Here are some tools to help you figure out some common syllabus concerns:
- Creates your schedule for your syllabus
- Course workload estimator
- Accessible/Inclusive Statements
- Consider the students you have: This link provides some national statistics for all sorts of students and should be considered when designing your syllabus and your course. At the very least, include on campus resources that can assist different segments of our student population. this move also helps to create an inclusive learning environment where students can see themselves represented and/or see your classroom as a safe space.
- Interactive Syllabus
- Visual Syllabus: You can use the premise of an infographic to create a visual interesting one page version of your full syllabus. This idea of a regular syllabus and a visual one should help you think through the absolute most important things the students need to succeed in your class.
Below is a series of sample pacing documents
- pacing document specific to USF’s term and curriculum
- pacing document for a traditional semester term
If you’re interested in using the projects linked in this schedule, feel free to read through the detailed descriptions linked below or featured on the Assignments page. For supplemental materials, take a look at the instructor resources page.

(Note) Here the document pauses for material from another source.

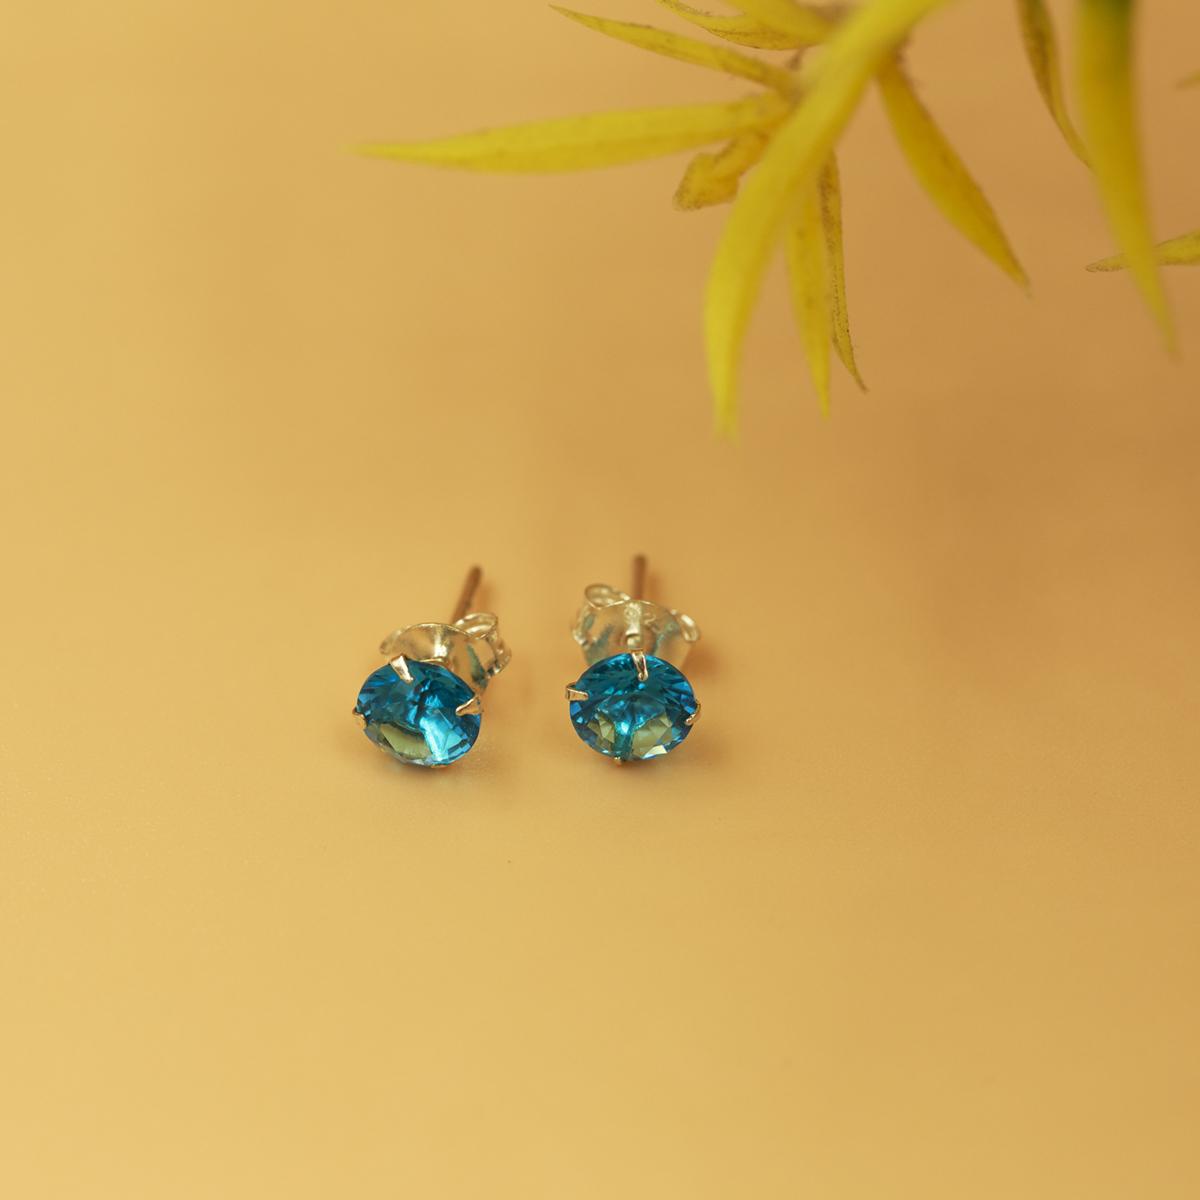 Hoa tai nụ đá xanh biển Opal - E3 giá 350.000 đồng; chất liệu bạc 295 phối đá màu tạo điểm nhấn trên đôi tai người đeo.

Professional & Technical Communication (PTC) Service Courses
- ENC 2210: Technical Writing for the Health Sciences
- ENC 3246: Communications for Engineers
- ENC 3250: Professional Writing (a general business and professional writing course for all other majors, a large portion of which are business majors)
Course descriptions
The PTC curriculum encompasses three courses: Professional Writing, Technical Writing for Health Science Majors, and Communications for Engineers. The common goal of these courses is to help students identify and navigate the expectations for writing in their chosen professions. Coursework is designed to simulate professional writing situations and concerns (as opposed to academic or literary concerns).
ENC 2210: In the health sciences, technical communication is a vital component of effective, efficient, and patient-focused health and healthcare systems. Health sciences practitioners must be able to analyze, interpret, and create a variety of communications, from patient charts to data visualizations of an aging population’s healthcare needs. This course exposes students to a variety of communicative means for expressing technical and semi-technical information. Through smaller assignments and major projects, this course prepares students to pursue and engage with the communicative components of a career in the health sciences.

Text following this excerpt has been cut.